Mina raises Heartglass, reflection flaring, and in it, the Chorus’s true shape shows: a knot of longing and hunger wrapped around the festival’s jingle like a noose.

Mina’s voice is soft and deadly. “There.”

I see it: the core, the hook it keeps returning to.

I draw a breath so deep it hurts, and I think of Evie.

Evie’s mouth on mine in the Ferris wheel.

Evie breaking the power to save strangers.

Evie always choosing other people over safety.

Evie, fierce and furious and alive.

The Chorus tries to whisper at me.

Come back. Stay. Never move on.

I lift Aurora. My voice drops into a note so low it vibrates the stage. Then I swing.

Aurora’s arc is bright and final, cutting through the demon’s core with a soundless shock that makes the air explode.

The Chorus shatters. Faces splinter into static. Mouths collapse into nothing. Old jingles fragment into harmless noise that scatters like ash.

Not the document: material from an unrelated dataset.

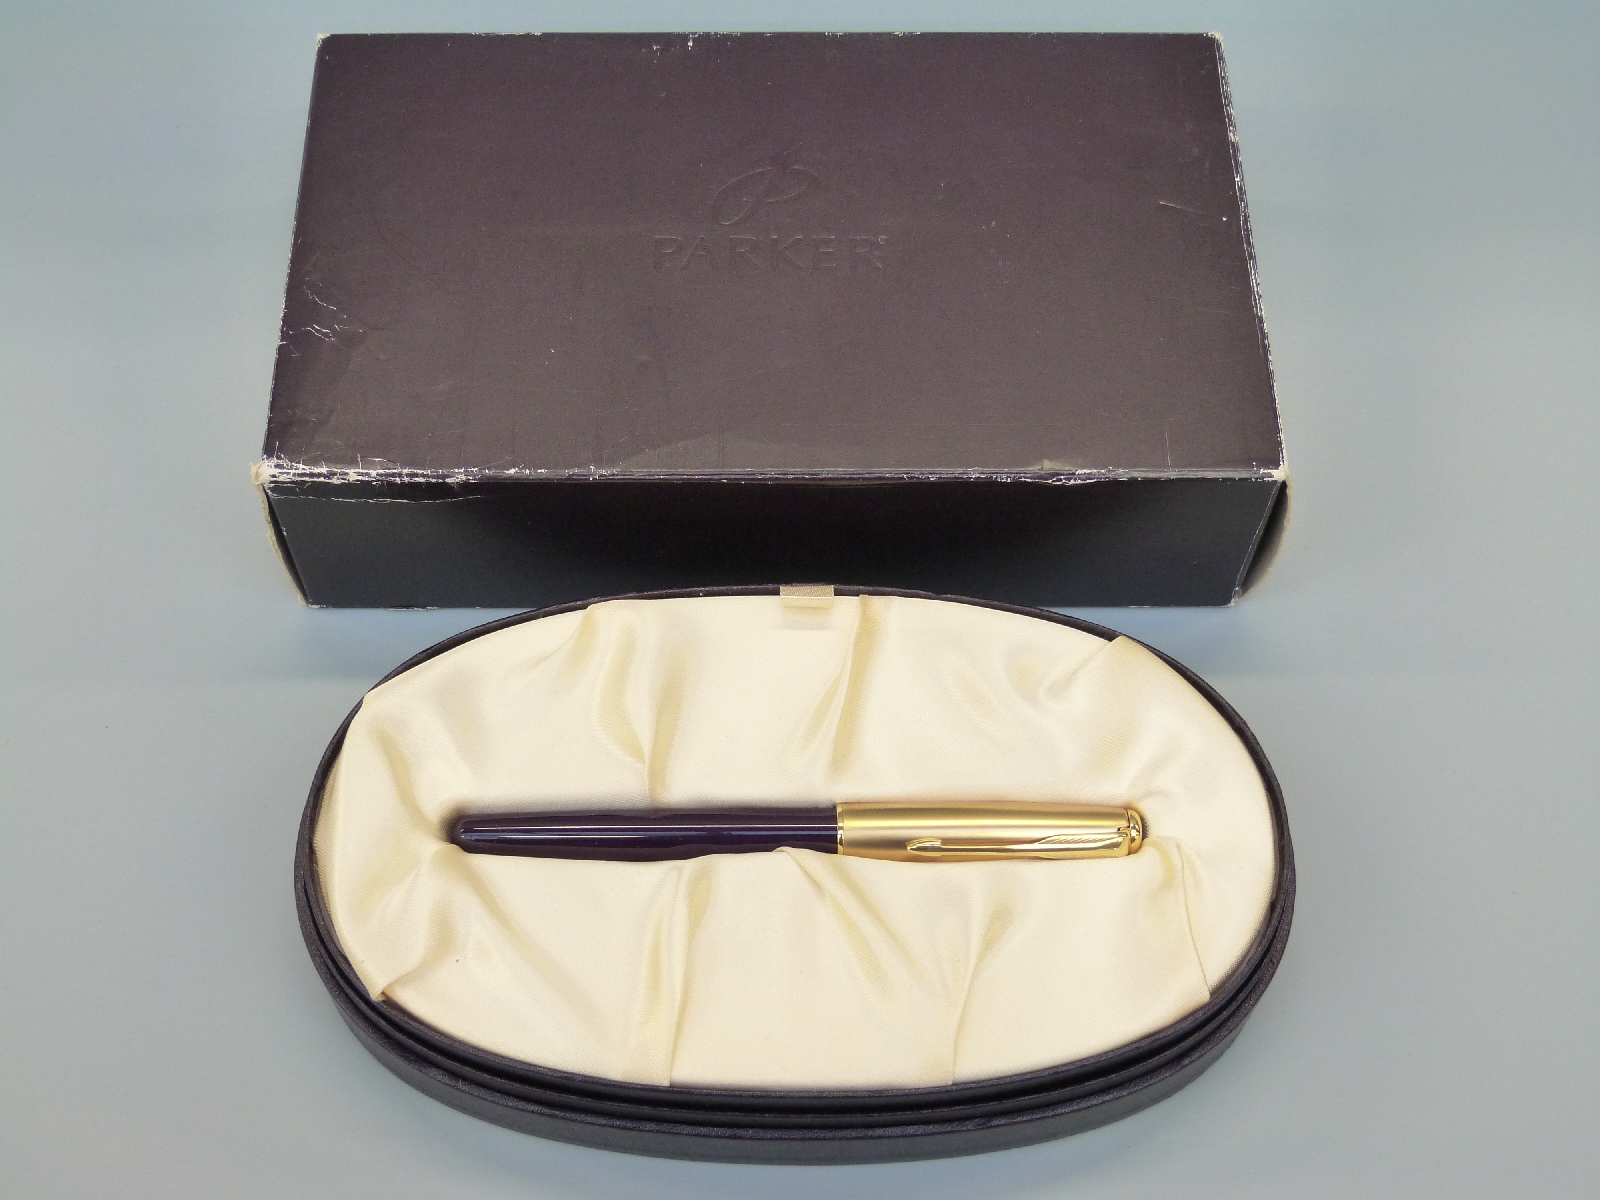 Parker Accession Golden Jubilee fountain pen in fitted case with booklet and outer box

The pressure in my skull releases all at once.

The crowd screams—human screams now, real, panicked, alive.

The sky clears. Lanterns bob, suddenly just lanterns again. I stand there breathing hard, blade humming in my hand, sweat cold under my makeup.

For a heartbeat, the world is quiet.

Then Evie’s voice cuts through it, raw and shaking. “Grandma.”